Having an issue with updated image (kubectl-flame:v0.2.5-jvm) to support CONTAINERD. While the initial use stopped the outright failure, I am seeing a new issue to try to launch the flame pod with an exit code of 255. Looks like @pvorb requests to address the following are included:
mountId, err := ioutil.ReadFile(fileName)
if err != nil {
return "", err
}
But still seeing a 255 exit code ( See below ):
[XXXXXXXXX ~]$ kubectl describe pod kubectl-flame-2e6ee77f-a3d8-4a47-a8f7-4ecd8668abf6-c42wn -n digital
Name: kubectl-flame-2e6ee77f-a3d8-4a47-a8f7-4ecd8668abf6-c42wn
Namespace: digital
Priority: 0
Node: aks-genericdev2-29844296-vmss00000s/10.124.178.217
Start Time: Mon, 12 Dec 2022 15:25:36 -0500
Labels: controller-uid=78458314-1f8c-4fb1-8377-873d7c188388
job-name=kubectl-flame-2e6ee77f-a3d8-4a47-a8f7-4ecd8668abf6
kubectl-flame/id=2e6ee77f-a3d8-4a47-a8f7-4ecd8668abf6
Annotations: sidecar.istio.io/inject: false
Status: Failed
IP: 10.124.178.227
IPs:
IP: 10.124.178.227
Controlled By: Job/kubectl-flame-2e6ee77f-a3d8-4a47-a8f7-4ecd8668abf6
Containers:
kubectl-flame:
Container ID: containerd://0e85d4002079c1b3e16fde732d8fb161f9bf1b99ba67dcb1c64843531173401c
Image: verizondigital/kubectl-flame:v0.2.5-jvm
Image ID: docker.io/verizondigital/kubectl-flame@sha256:aa4eb0f6fc0bae768d1c558bca27fd645e8f08e89e91b4c19d891562935bdbfd
Port:
Normal Pulling 22s kubelet Pulling image "verizondigital/kubectl-flame:v0.2.5-jvm" Normal Pulled 22s kubelet Successfully pulled image "verizondigital/kubectl-flame:v0.2.5-jvm" in 107.829551ms Normal Created 22s kubelet Created container kubectl-flame Normal Started 22s kubelet Started container kubectl-flame XXXXXXXXXX ~]$ kubectl logs kubectl-flame-2e6ee77f-a3d8-4a47-a8f7-4ecd8668abf6-c42wn -n digital {"type":"progress","data":{"time":"2022-12-12T20:25:37.220351389Z","stage":"started"}} {"type":"error","data":{"reason":"exit status 255"}}
Has anyone resolved this or see the same ?

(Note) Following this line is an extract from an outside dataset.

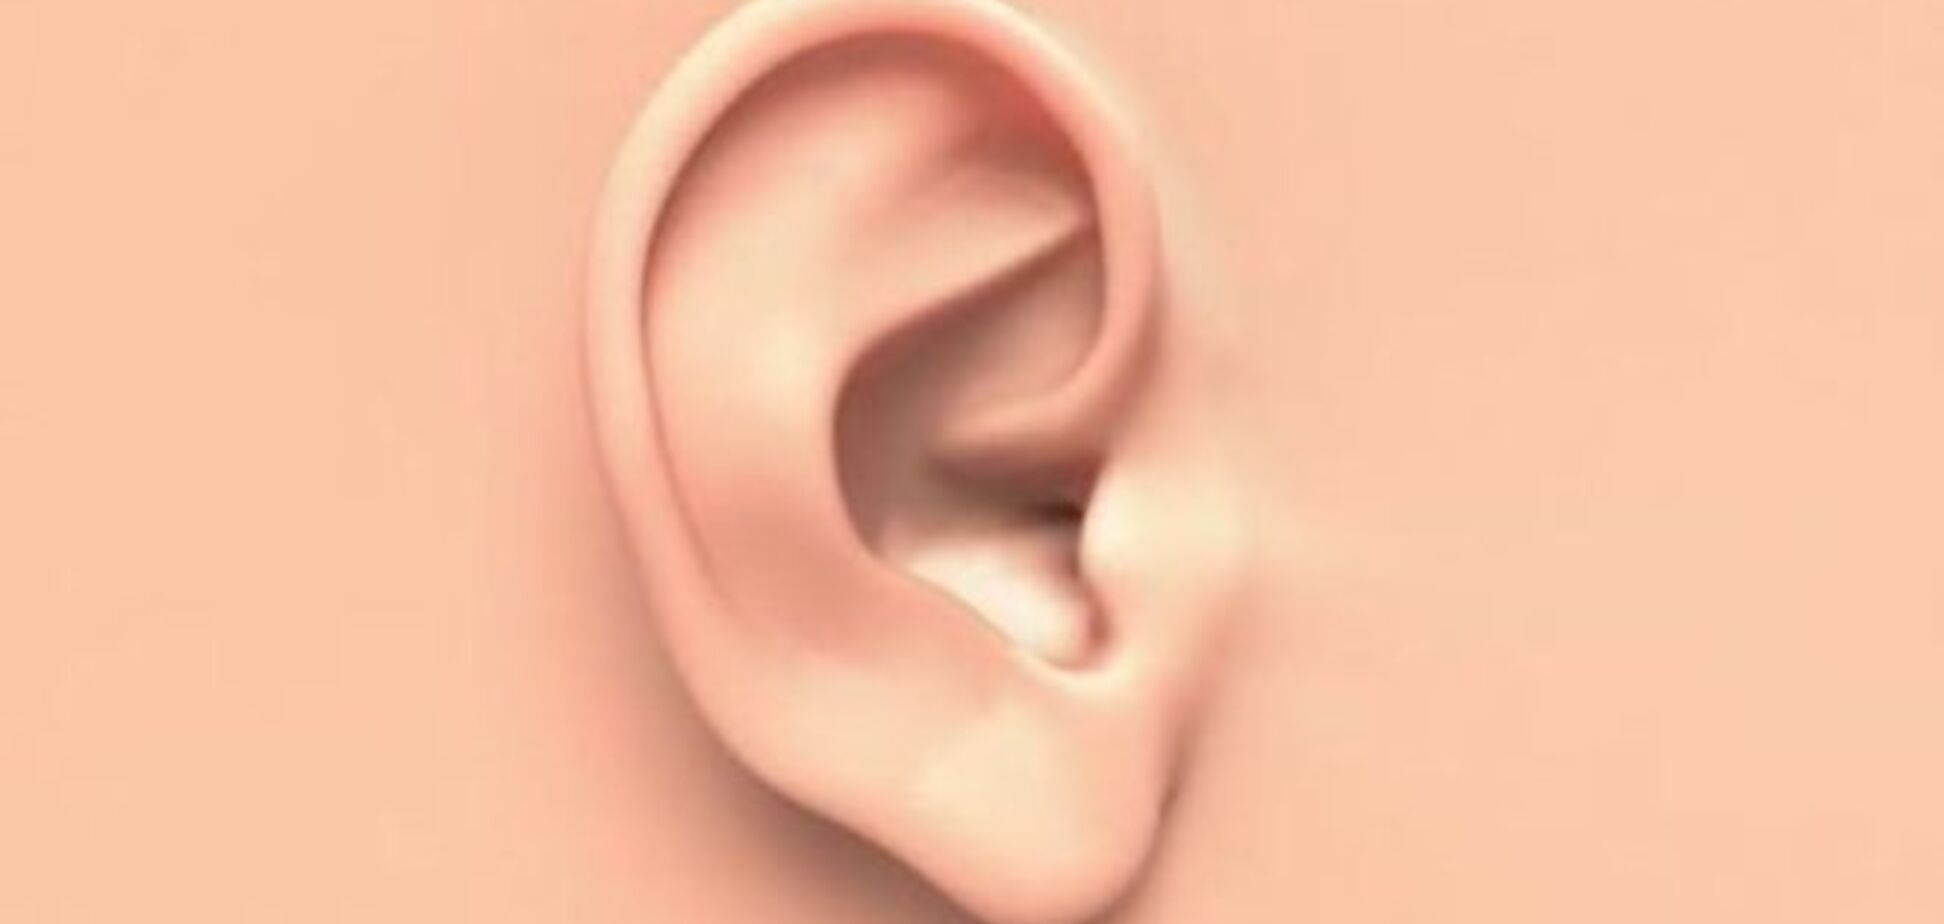 5 вещей, которые уши могут 'сказать' о здоровье человека

Running in AKS, with the following runtimes:
System Info: Machine ID: 88e8a329cbd84a22b389208937c90476 System UUID: 3da54c3e-3793-42e5-a949-caef8484533e Boot ID: 6bb95a01-f8c7-4c6b-a66e-70ff03cb2c8d Kernel Version: 5.4.0-1094-azure OS Image: Ubuntu 18.04.6 LTS Operating System: linux Architecture: amd64 Container Runtime Version: containerd://1.6.4+azure-4 Kubelet Version: v1.23.12 Kube-Proxy Version: v1.23.12
Can this be leveraged to work with crio-d?